In most areas, (subject to normal building regulations being met), you can fit UPVC as replacement double-glazing.

But in a conservation area, the preference is that you should use original materials.

In a listed property, you must use original materials, even if the visual effect is identical. Here it is the integrity of the property that rules.

Now, this is fine and dandy. 

But is Fylde adopting double standards here? Is there one rule for itself and another for others? We think there is.

We have been to meetings where Fylde's Planning Committee approved UPVC windows in listed property (let alone in the lesser 'conservation areas') when it suited them.
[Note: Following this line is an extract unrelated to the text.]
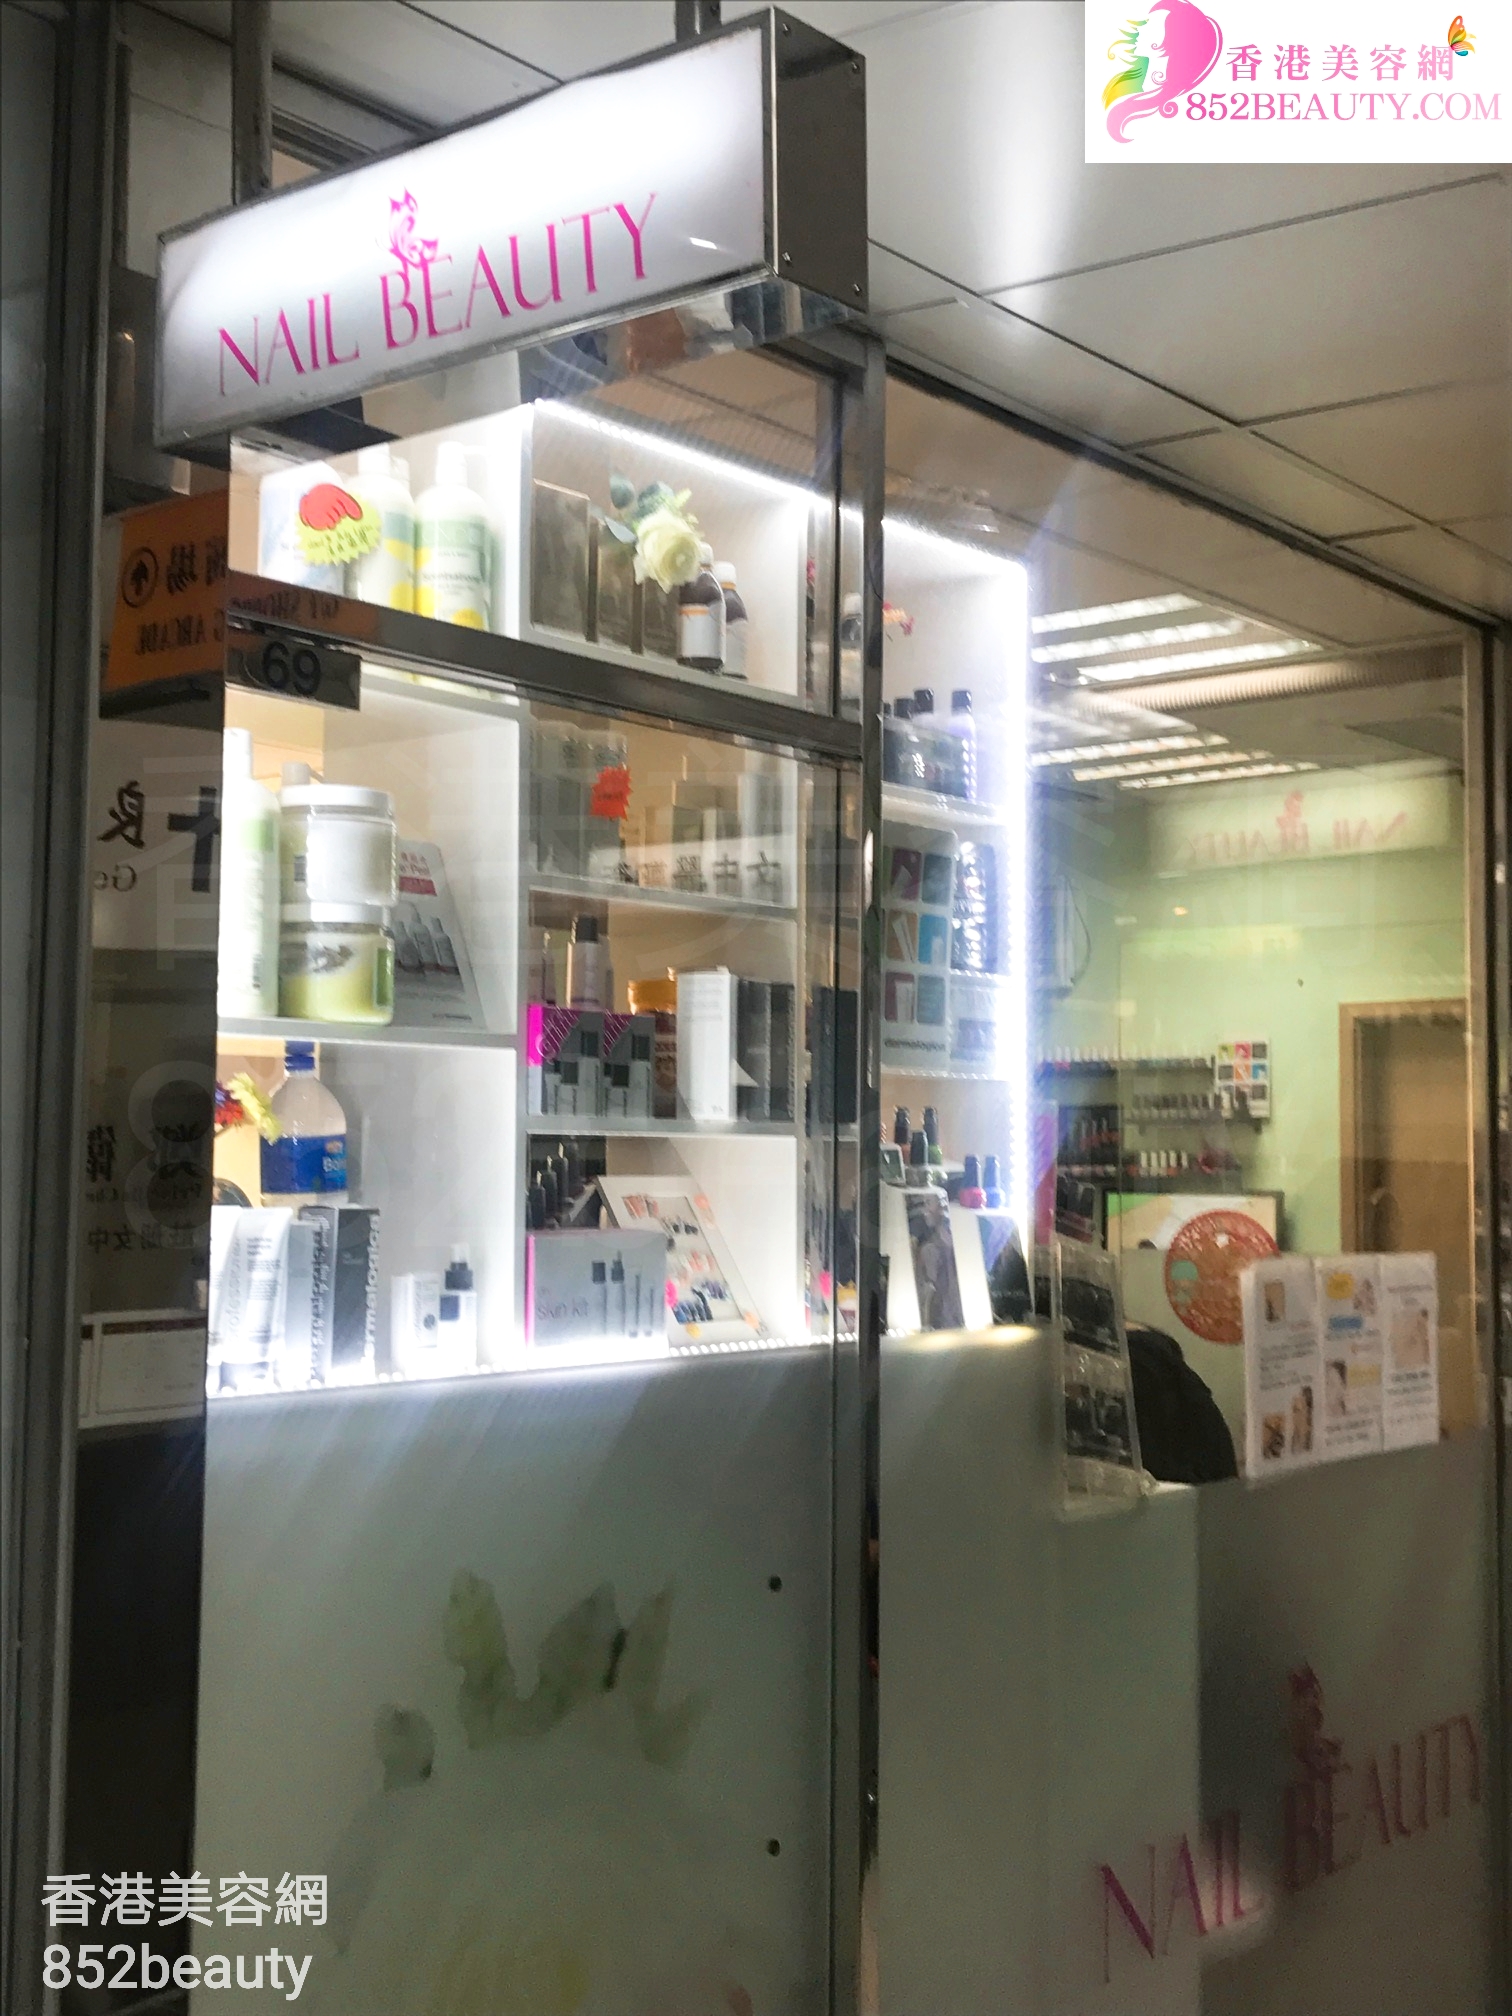 香港美容網 Hong Kong Beauty Salon 美容院 / 美容師: Nail Beauty

So there are probably already dozens of examples of their use within conservation areas.

But aside from the lack of precedent for their decision, literally across the road from Gerrards, was what must have been one of the most spectacular garages in the whole of the UK. 

Faced with the same material as the White Church, Akeds stood proudly within the same conservation area. It was designed with a huge lift to take cars for repair to the top floor, where natural light was available from windows in the roof, and with the ground floor free as a showroom. When it was built, this important building was a truly remarkable statement about the confidence that business had in the future of the town.

Next-door was the Art Deco frontage of the Empire-Deluxe picture house. 

Both are now demolished to make way for the block of flats that also generated a half a million payment to Fylde Council. To enable this development, Fylde Council's own planning policy was disregarded, and they conspired with the flats developer to prevent the buildings in their conservation area being upgraded to listed building status. Instead, they agreed to have them demolished. 

What price conservation by FBC?

Next door to the flats is Ashton Gardens. Now this has been a Grade II Listed property since Saint Barbara Pagett had it listed on the National Register of Historic Parks and Gardens back in 1998. 

So here, if listed building rules were properly applied, we would have only original materials used when repairs or replacements are needed.

The first job the developer did - with the full agreement of Fylde's planning officers and committee - was to remove the stone boundary wall of the gardens (between them and his new flats), and replace it with a brick one. This allowed him to either sell the stone or use it elsewhere. Not exactly using original materials in Fylde's own conservation area and the listed gardens, is it?

Another example of double standards was the skateboard ramp in the gardens just further down St George's Road. This concrete construction was erected in the (listed) gardens without planning permission even being applying for. Consequently, it is a crude lump of concrete - alien to the gardens - that has no aesthetic relationship to them. It has no landscaping associated with it, and it is not even properly finished off as would almost certainly have been required as part of a proper planning application.

And after operating double standards like these, they have the nerve to say the Gerrards development is 'inappropriate'

Is there any wonder the town is in trouble?